(Records excerpted from a collection)

★ ★ ★ ★

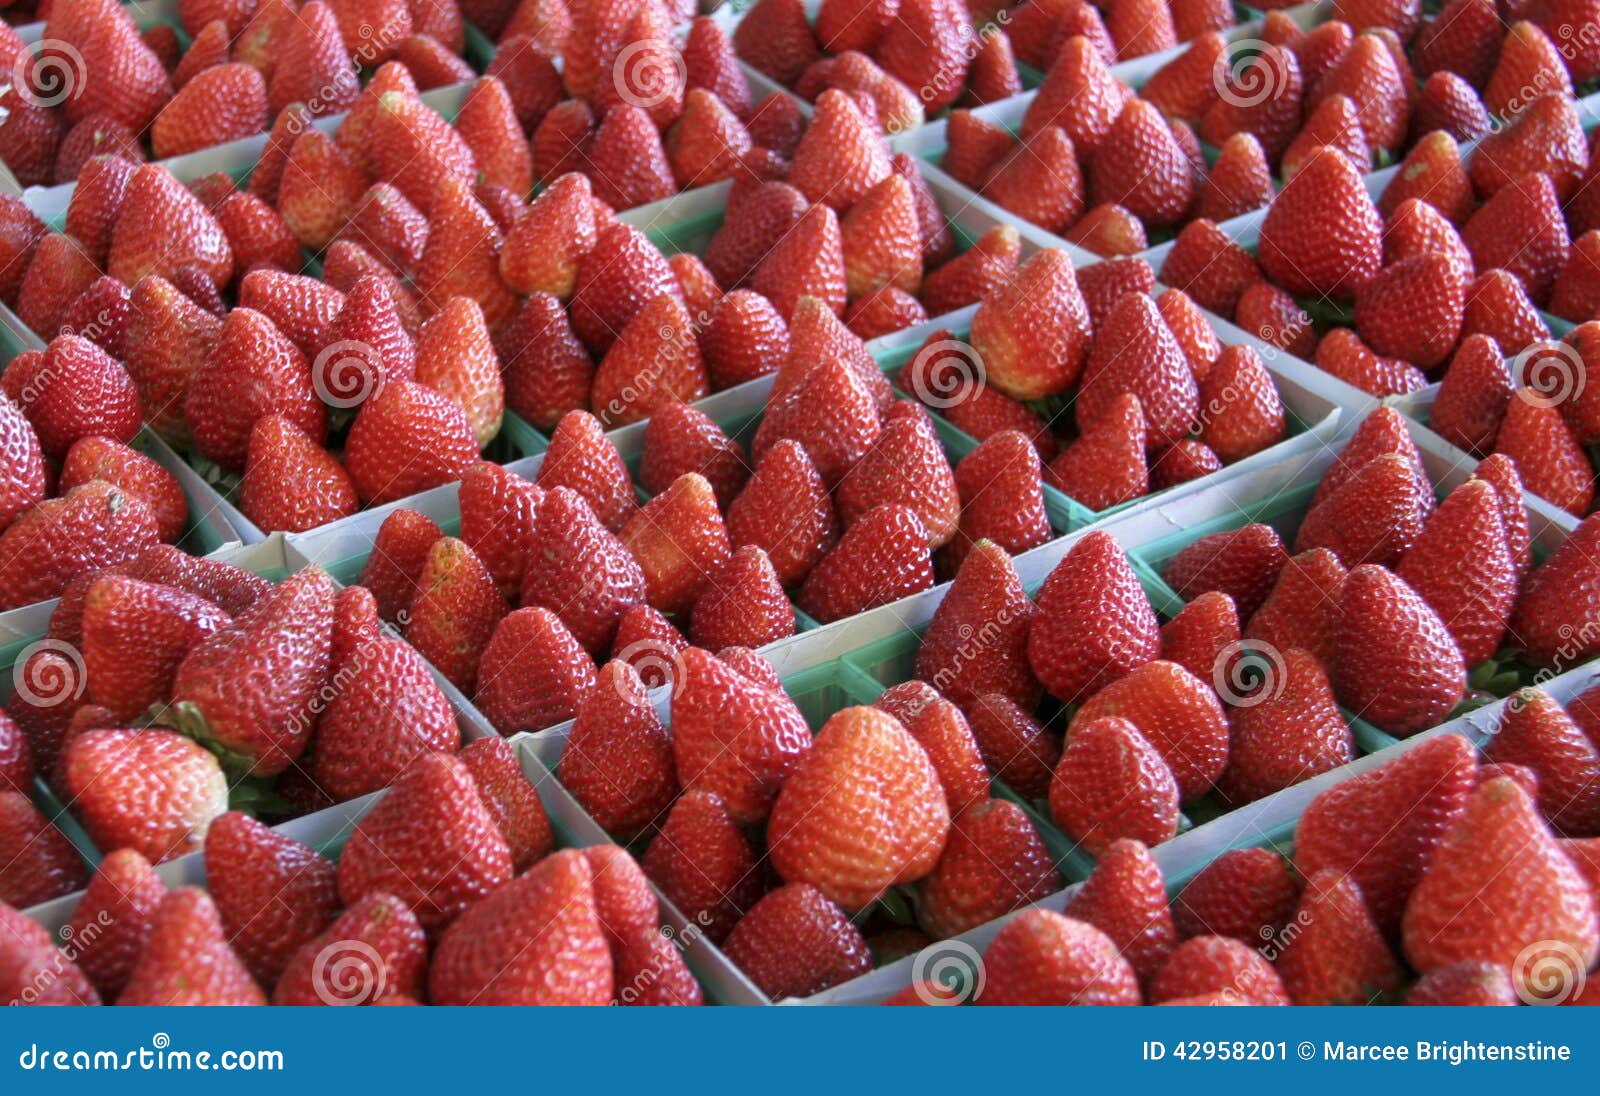 Frische Erdbeeren stockbild. Bild von saftig, frisch - 42958201
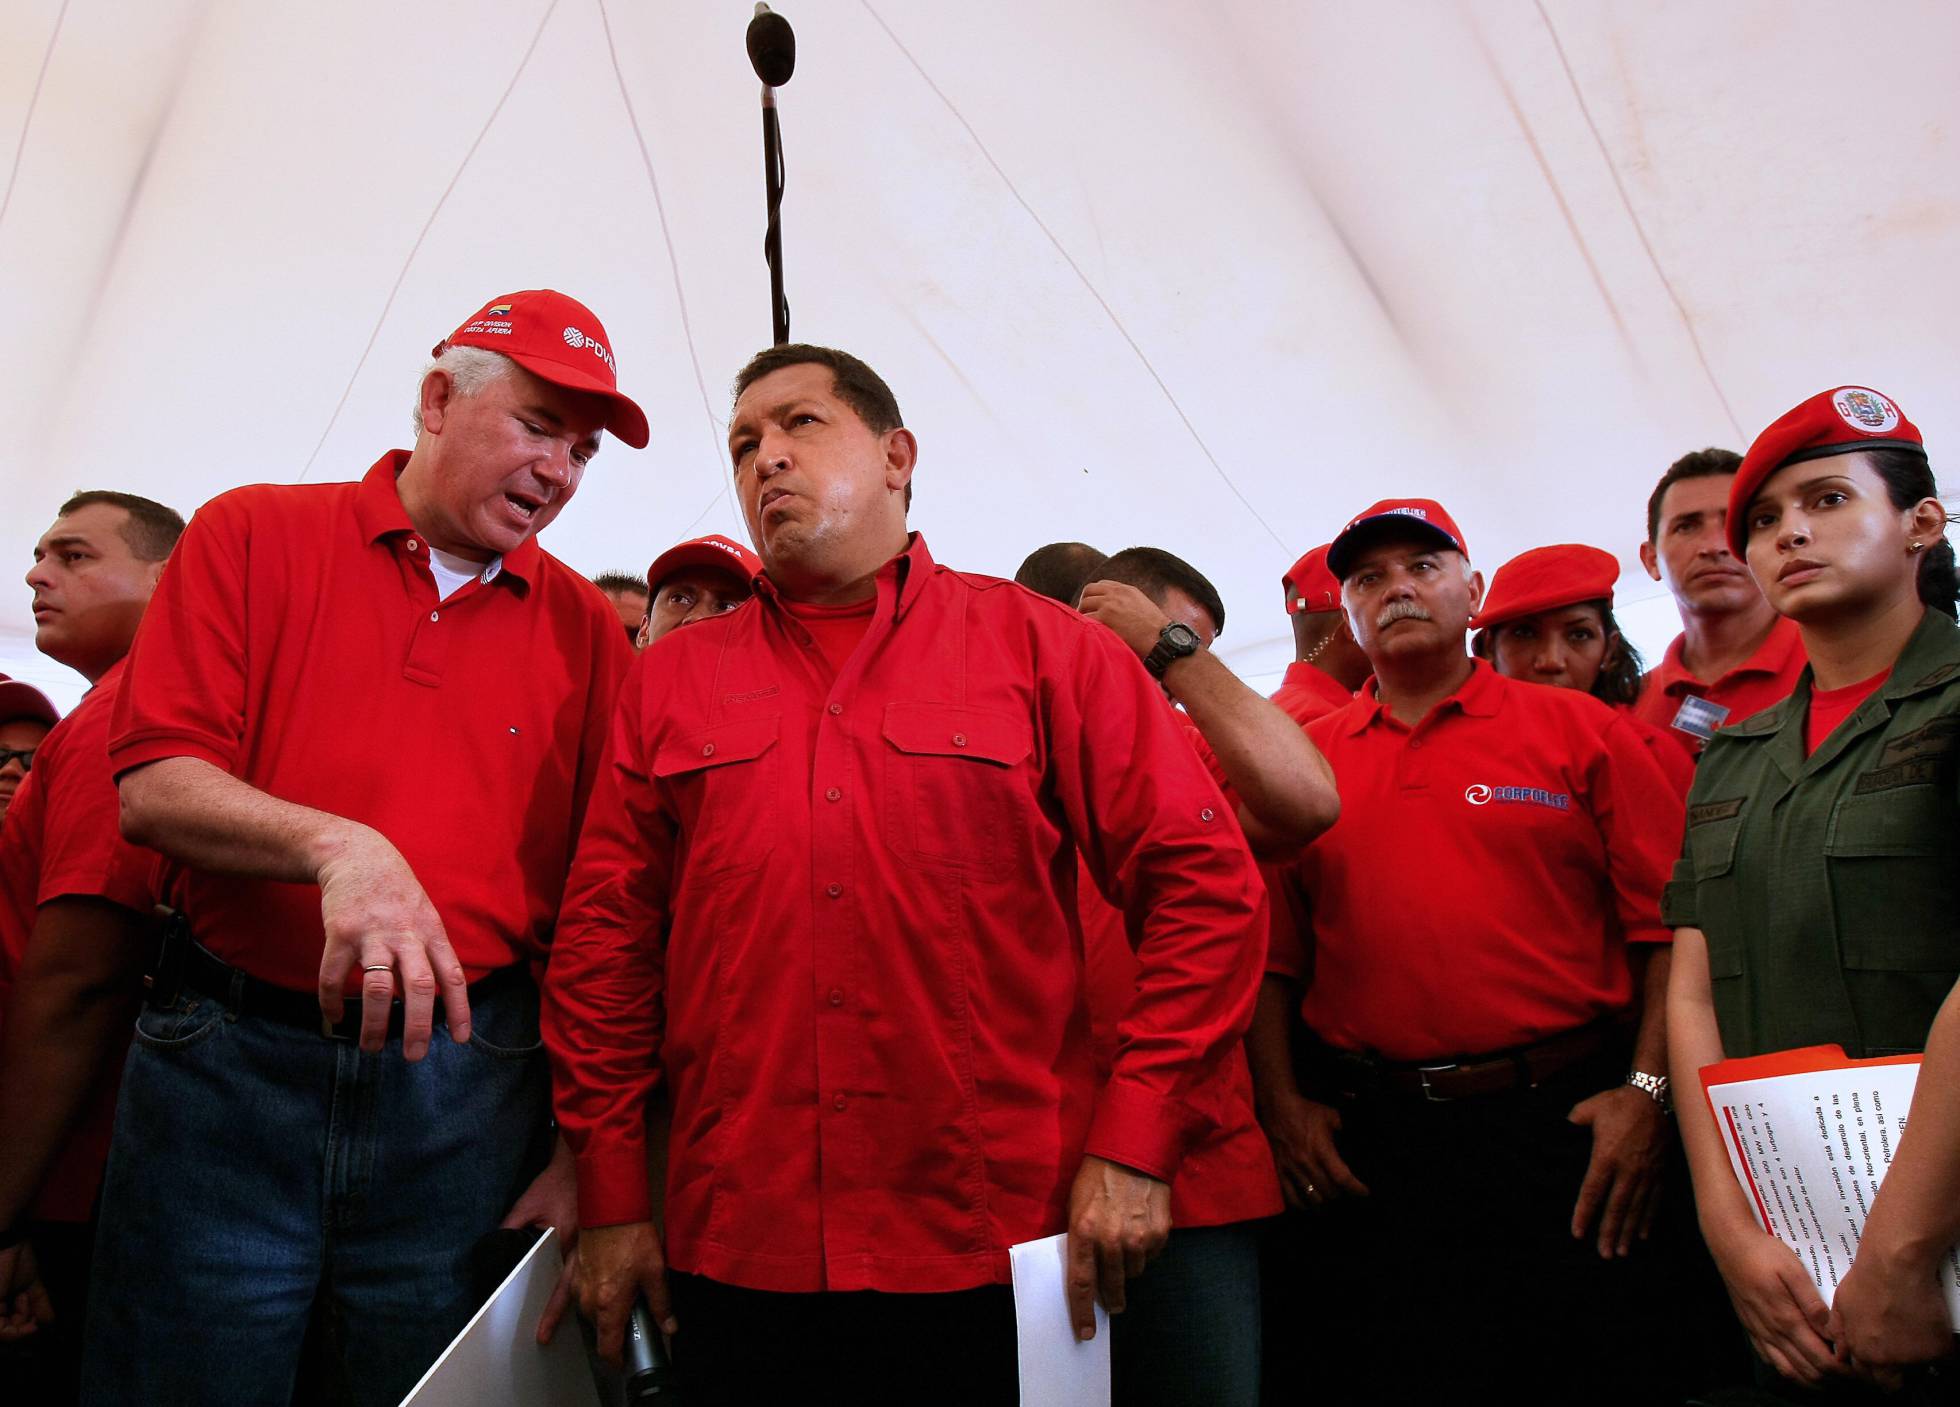 El País: Una firma española pagó 2,7 millones de euros a la red de sobornos de exministros de Chávez
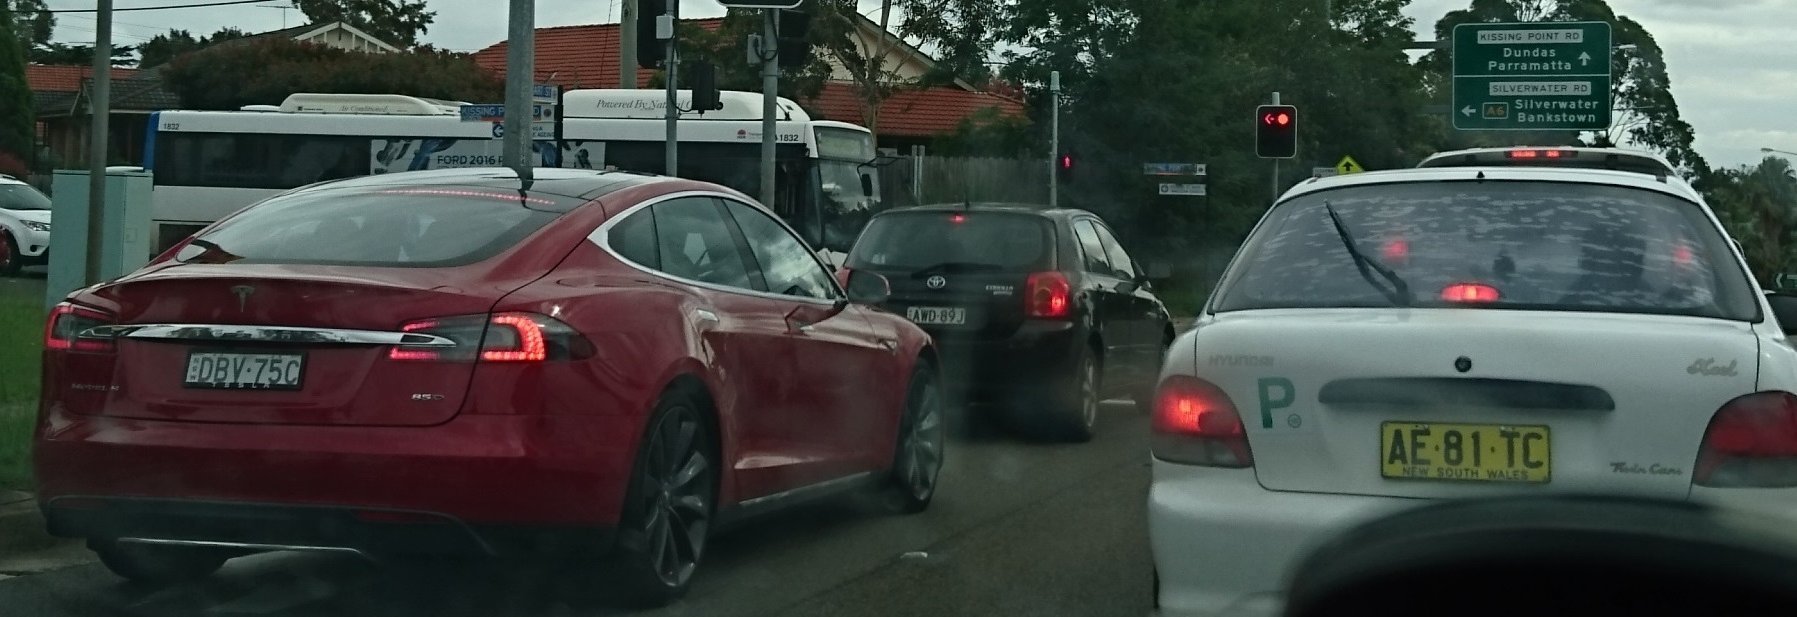 Tesla Sydney 04a.jpg
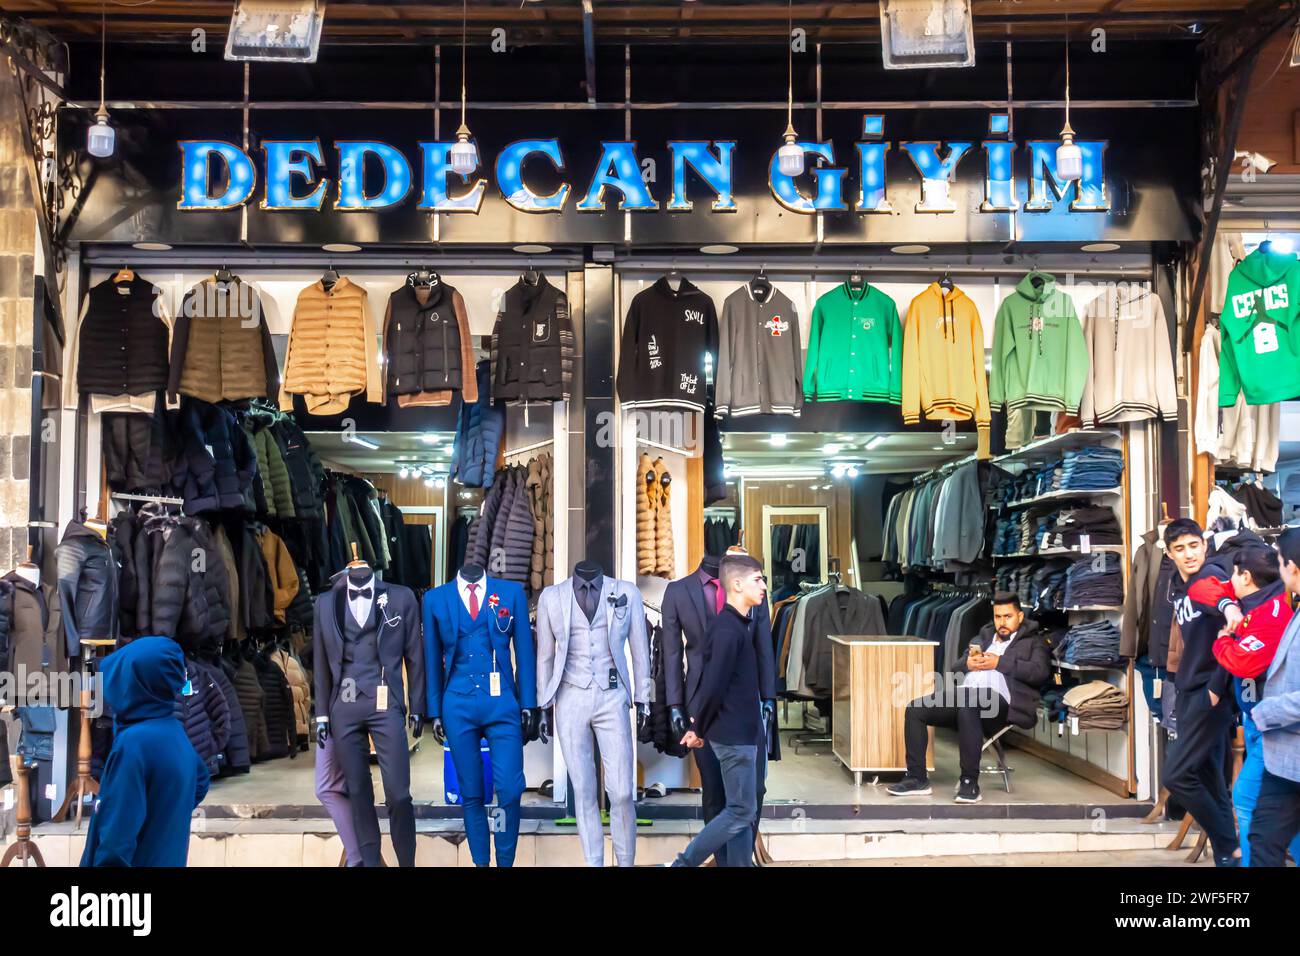 Dedecan Giyim, negozio di abbigliamento turco, negozio di abbigliamento da uomo, giacche da uomo, abbigliamento da uomo, abiti da uomo, abbigliamento da uomo, negozio di abbigliamento Sanliurfa Turkey Foto Stock
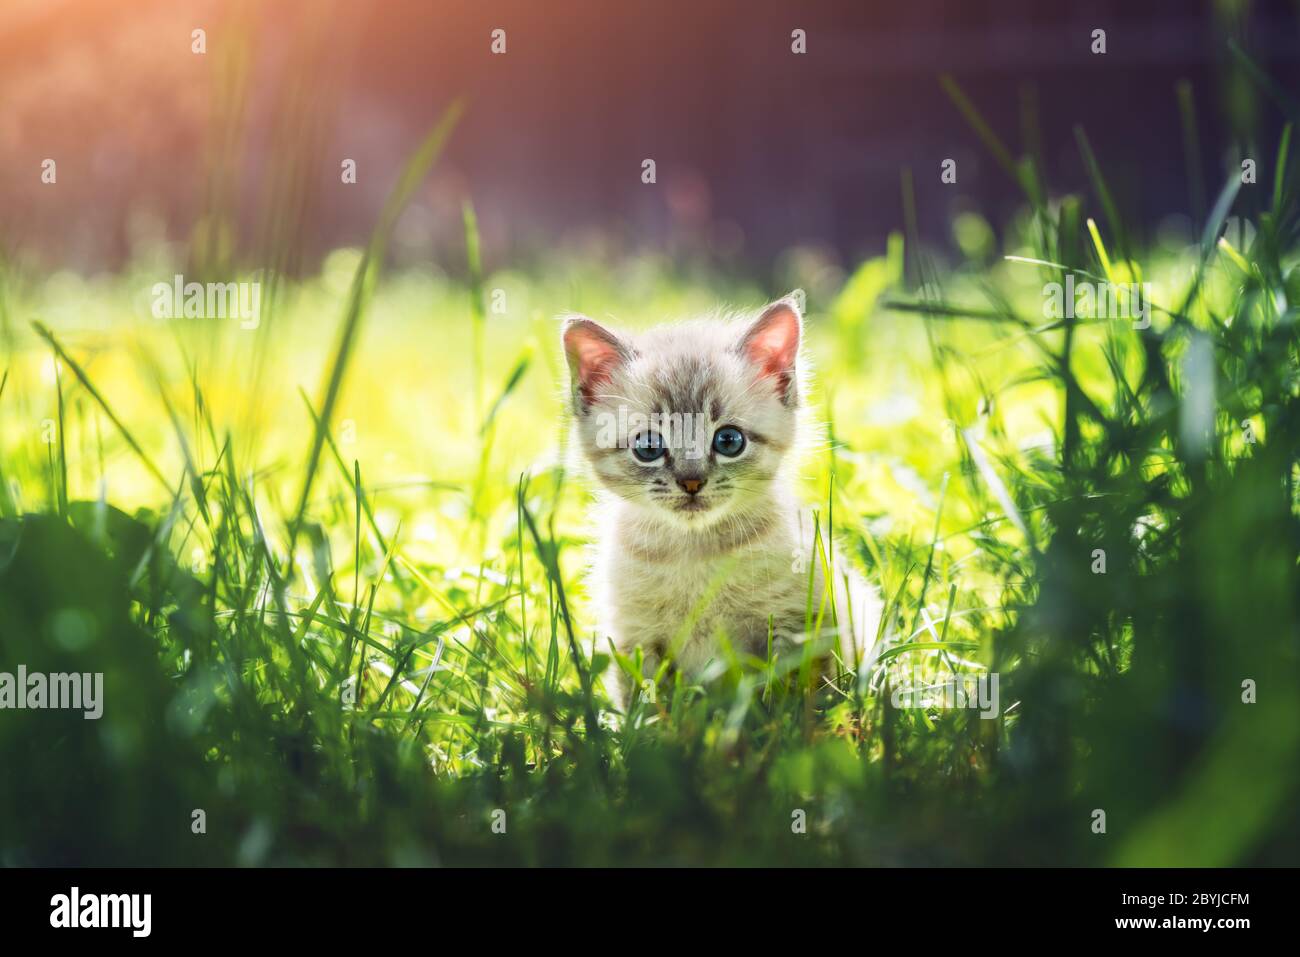 Gatto gattino piccolo con ayes blu in erba verde su giardino primo piano. Fotografia di animali domestici Foto Stock

★ ★ ★ ★

Each line from the beginning of the entries up to and including the one containing "Tesla Sydney 04a.jpg" must be restated exactly. Pictures are to be left out.

Finished exercise:
 Frische Erdbeeren stockbild. Bild von saftig, frisch - 42958201
 El País: Una firma española pagó 2,7 millones de euros a la red de sobornos de exministros de Chávez
 Tesla Sydney 04a.jpg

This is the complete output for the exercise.